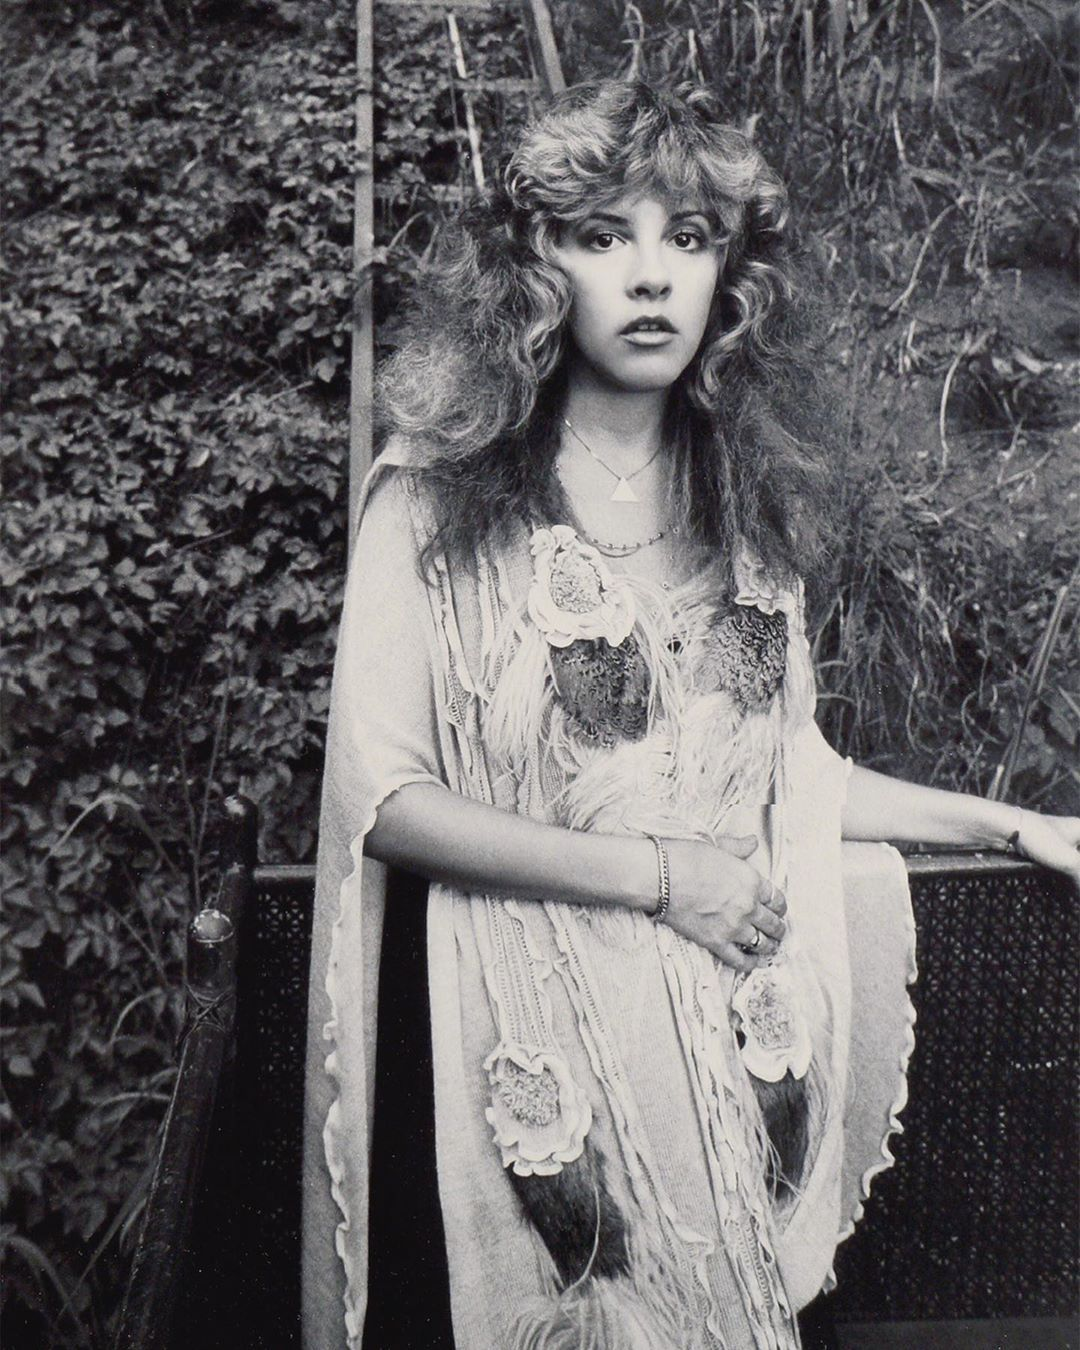 Stevie Nicks - Laurel Canyon, 1981 // Photo by Neal Preston ✨
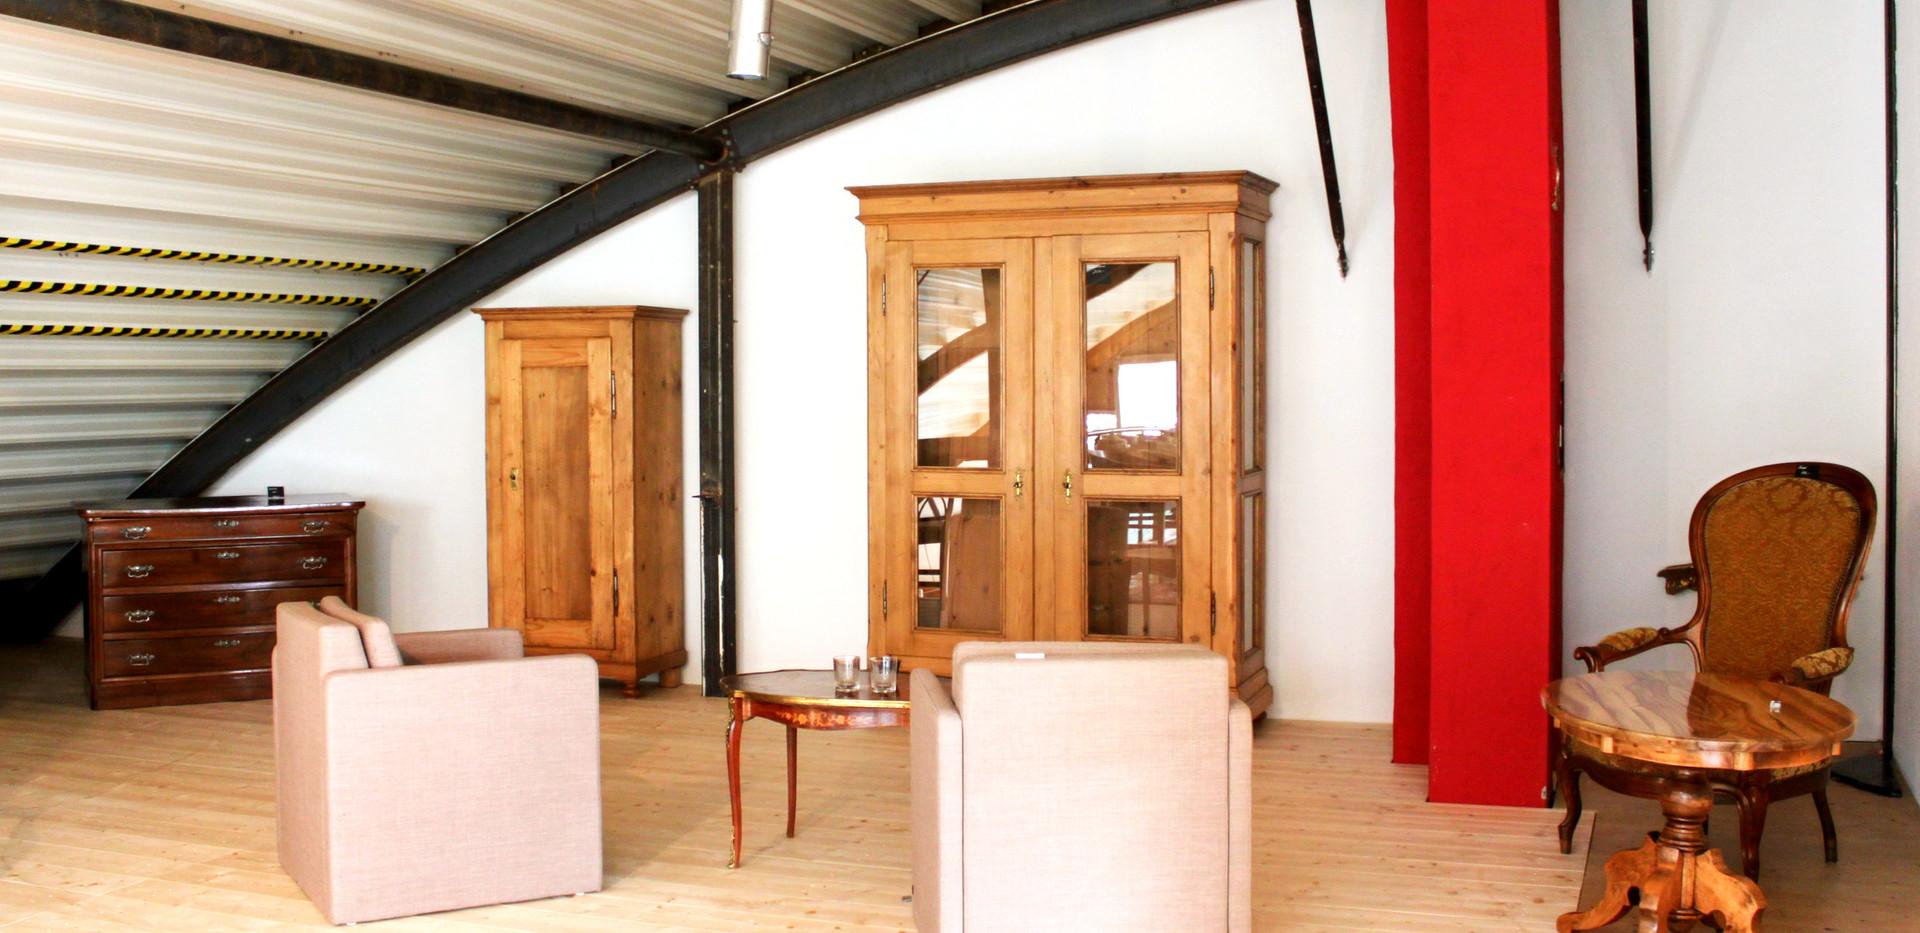 Galerie oben 8.jpg
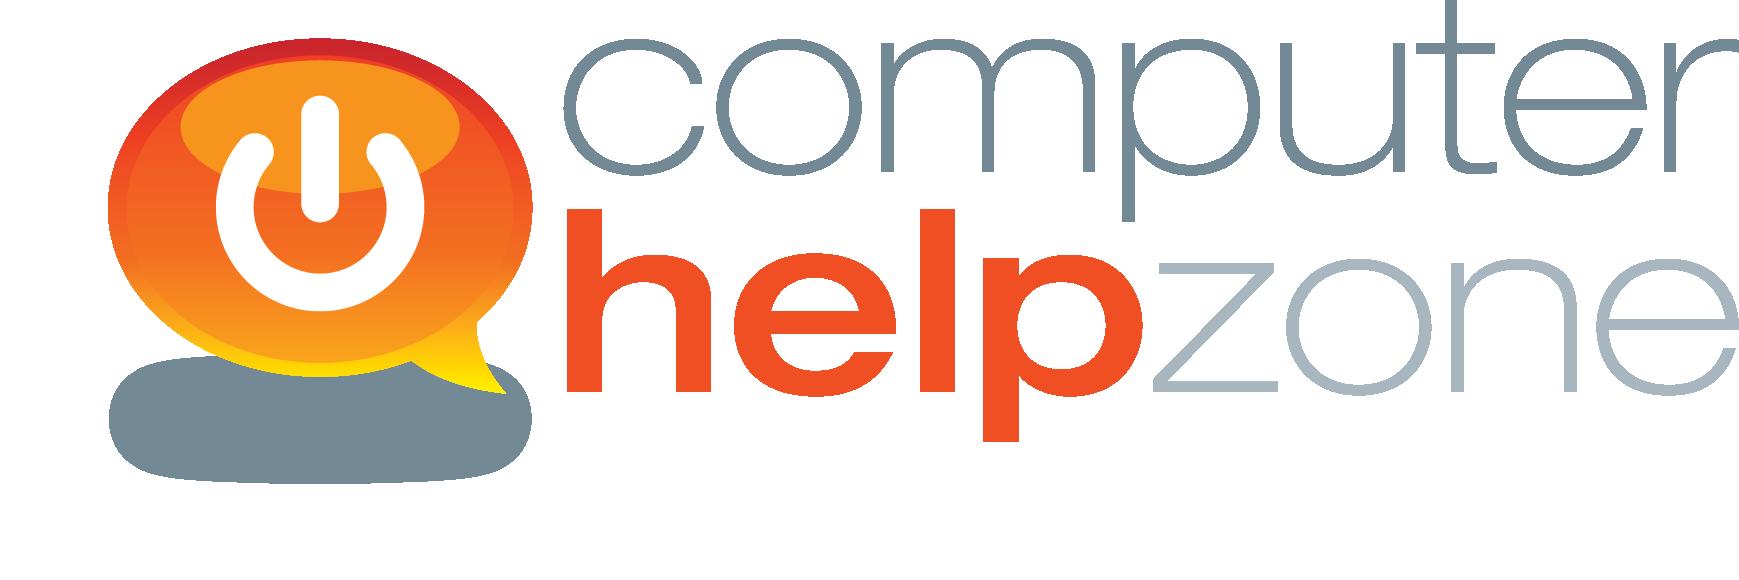 Computer Help Zone

* * * * * * *

**Your assignment**
All of the material above is to be retyped verbatim, with its pictures omitted.

**Solution below**
 Stevie Nicks - Laurel Canyon, 1981 // Photo by Neal Preston ✨
 Galerie oben 8.jpg
 Computer Help Zone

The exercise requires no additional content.